Records for this exercise ▸
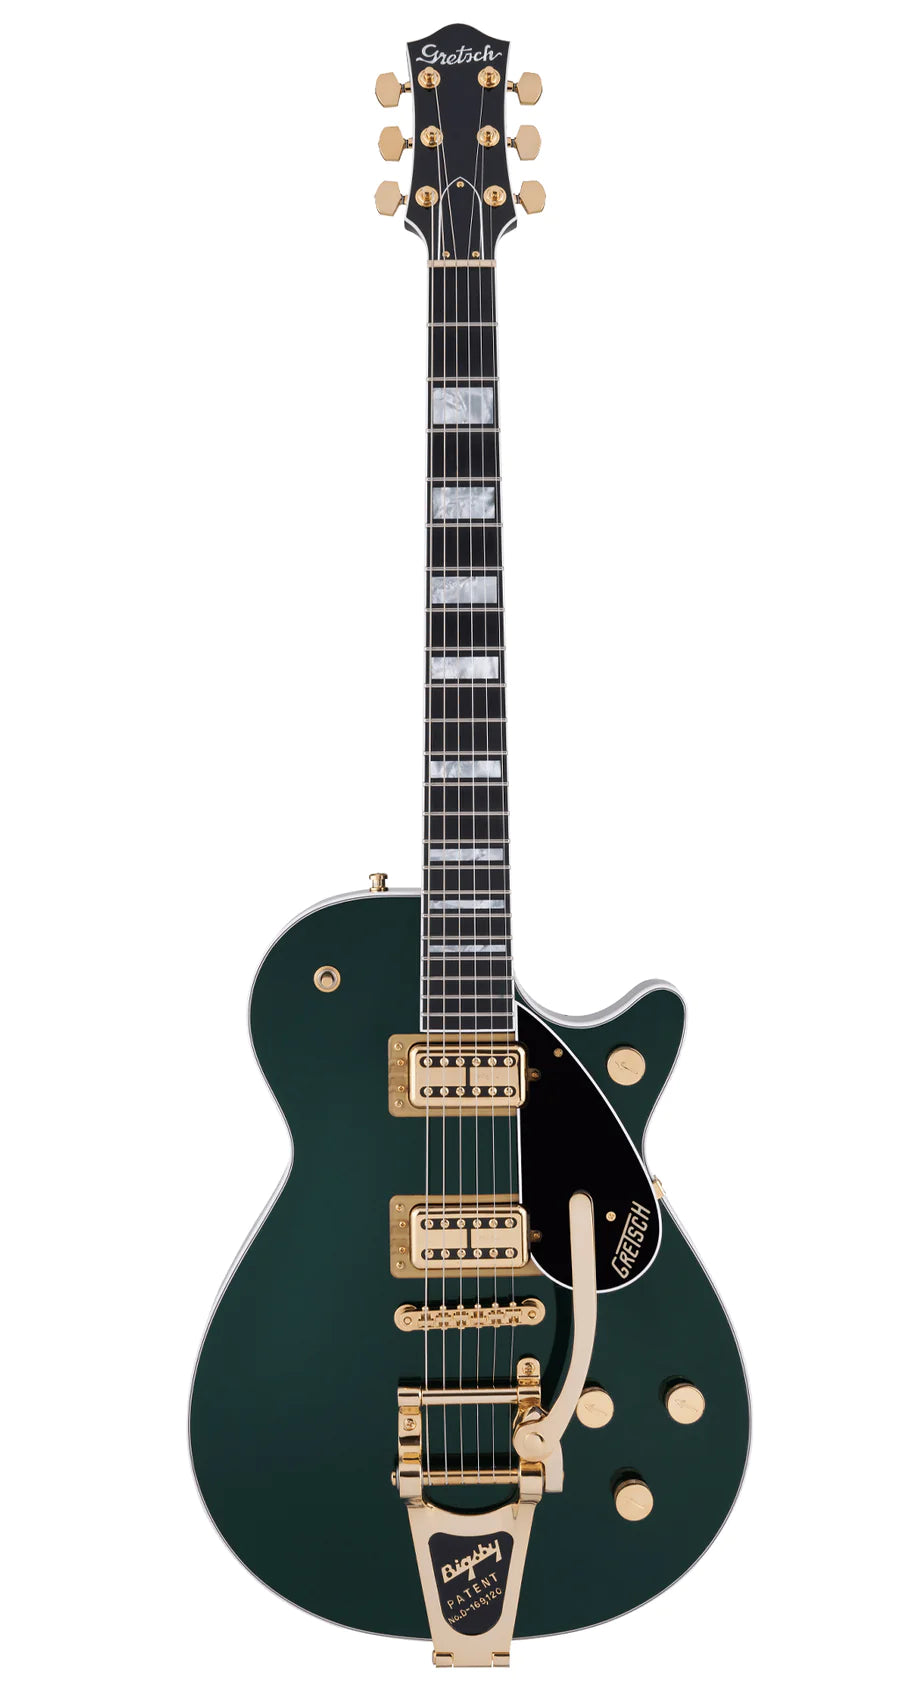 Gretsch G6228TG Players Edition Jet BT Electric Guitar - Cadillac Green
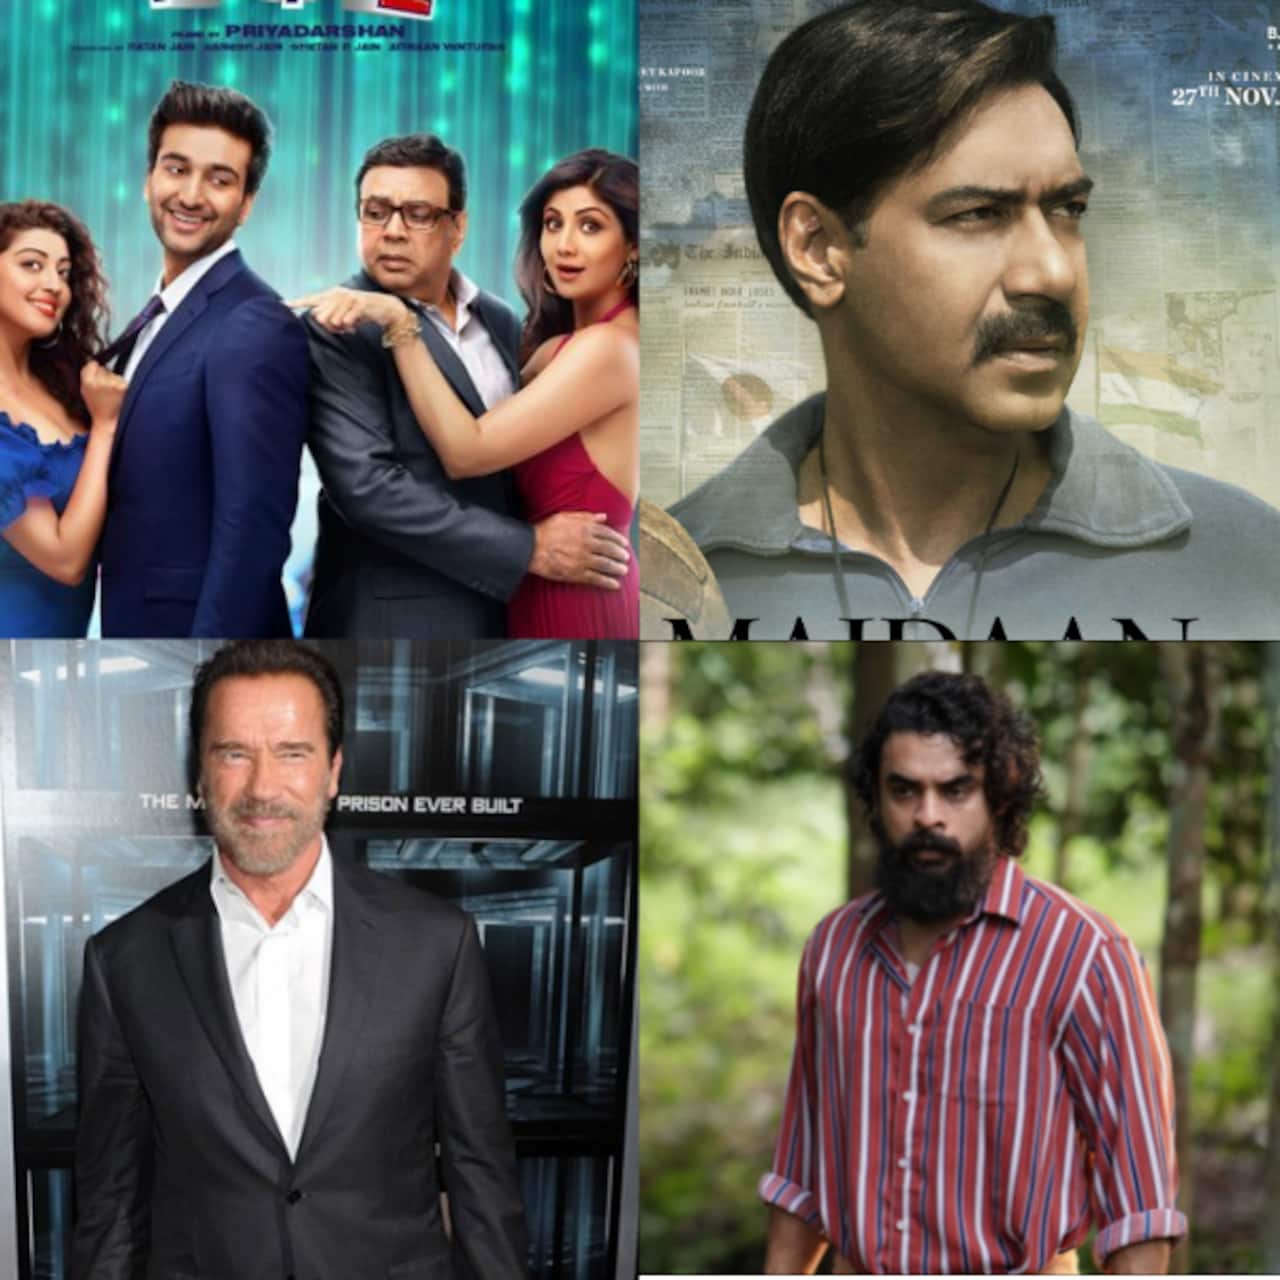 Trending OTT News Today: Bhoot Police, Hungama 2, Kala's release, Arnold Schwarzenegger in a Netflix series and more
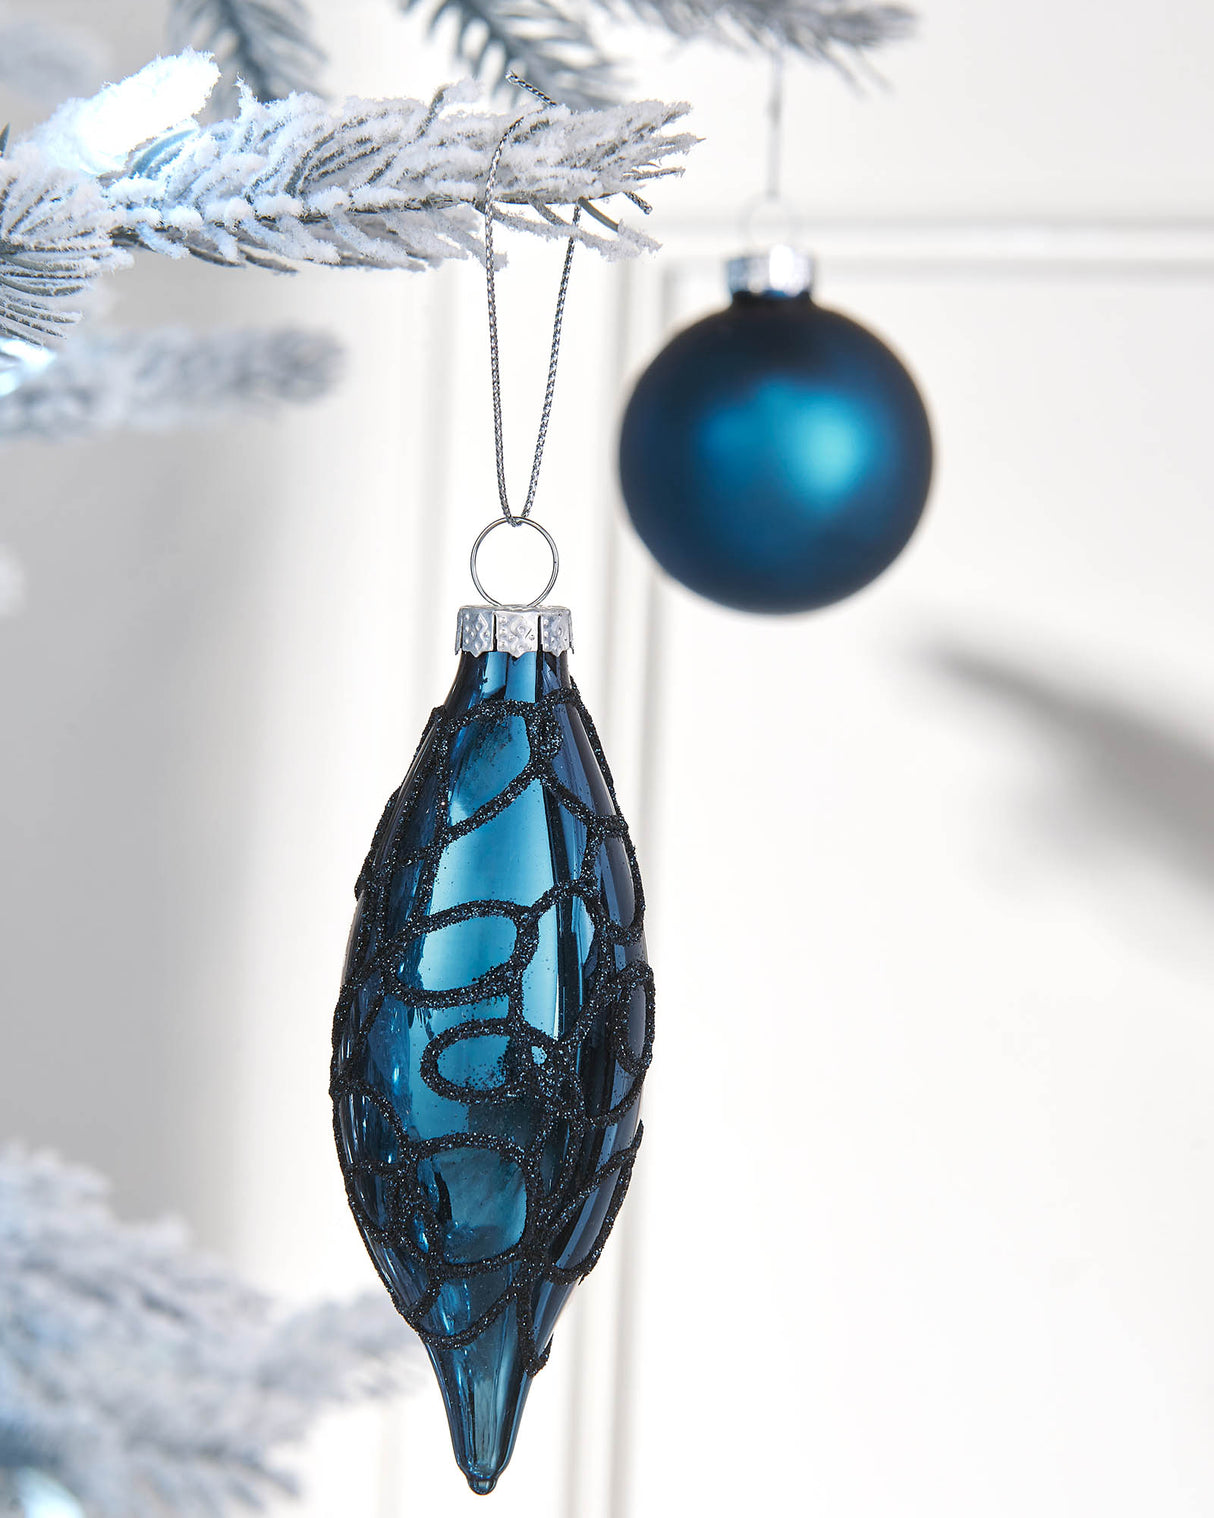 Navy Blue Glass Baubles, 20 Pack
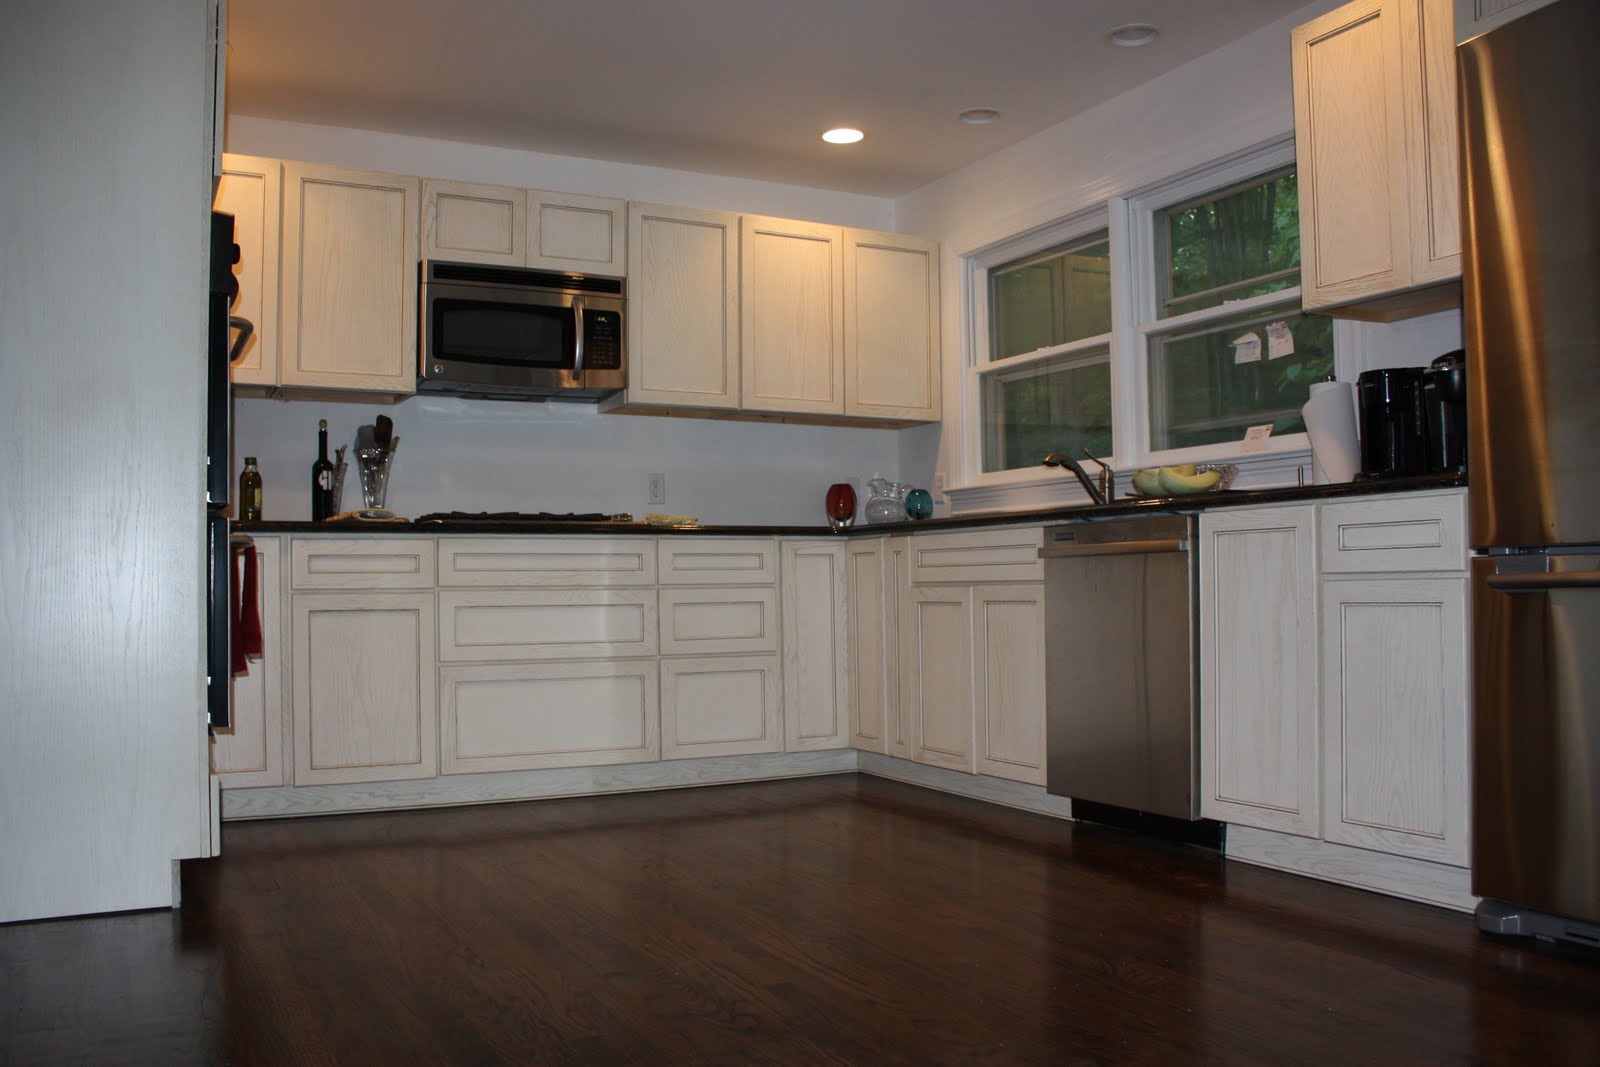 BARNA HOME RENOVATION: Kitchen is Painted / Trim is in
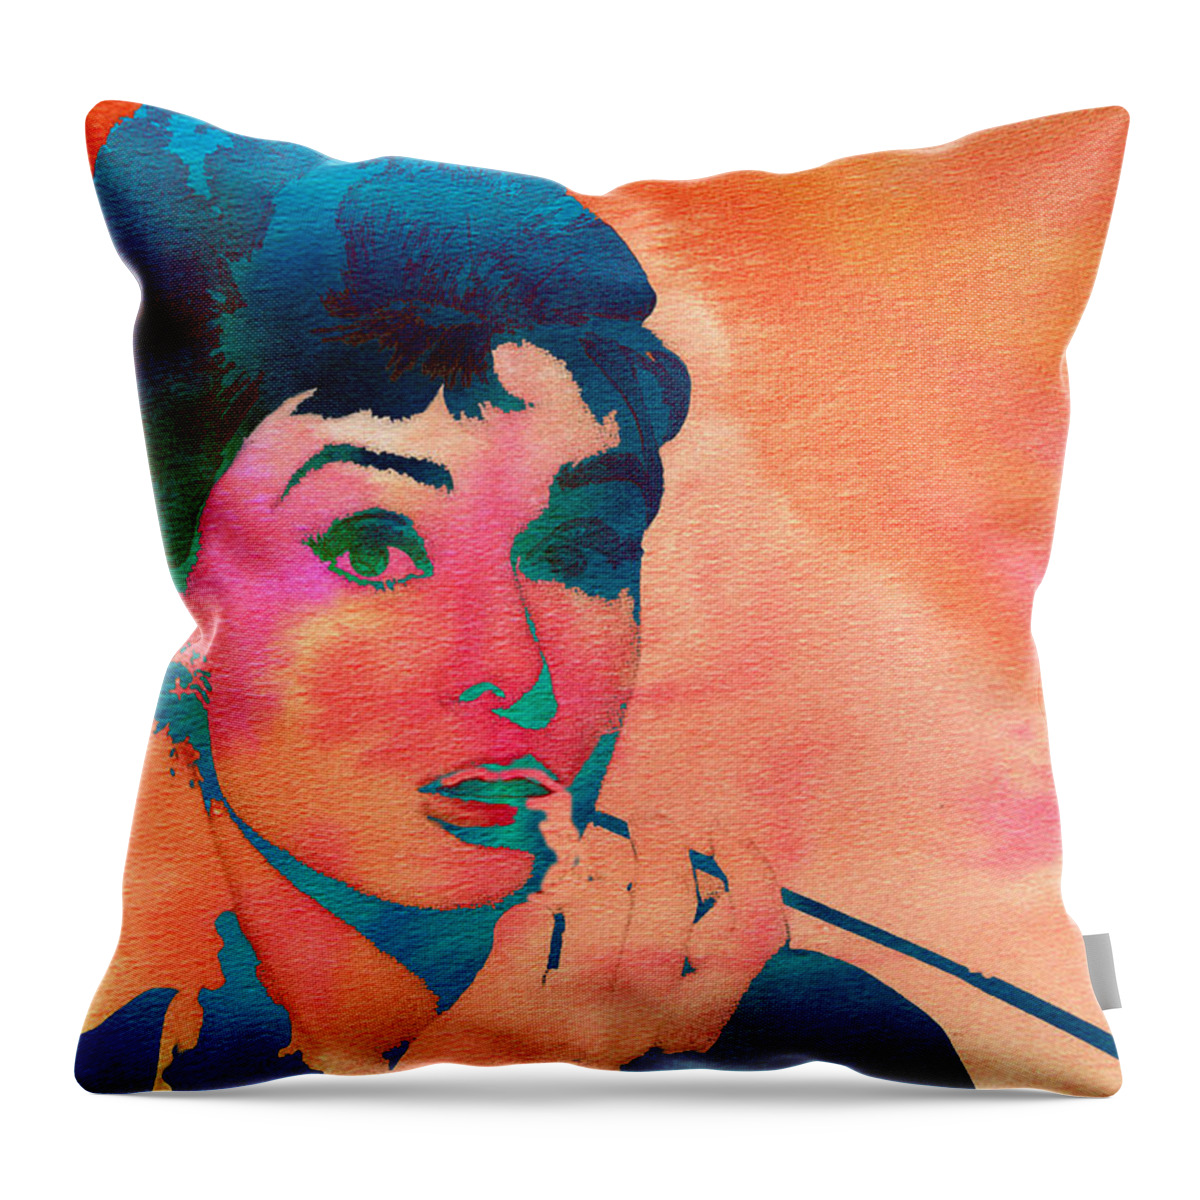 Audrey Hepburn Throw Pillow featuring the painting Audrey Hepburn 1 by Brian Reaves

Task ▸ Exclude all pictures and reproduce verbatim the lines running from the line that contains "Navy Blue Glass Baubles, 20 Pack" to the end of the data above, both ends included.

Result ▸
 Navy Blue Glass Baubles, 20 Pack
 BARNA HOME RENOVATION: Kitchen is Painted / Trim is in
 Audrey Hepburn Throw Pillow featuring the painting Audrey Hepburn 1 by Brian Reaves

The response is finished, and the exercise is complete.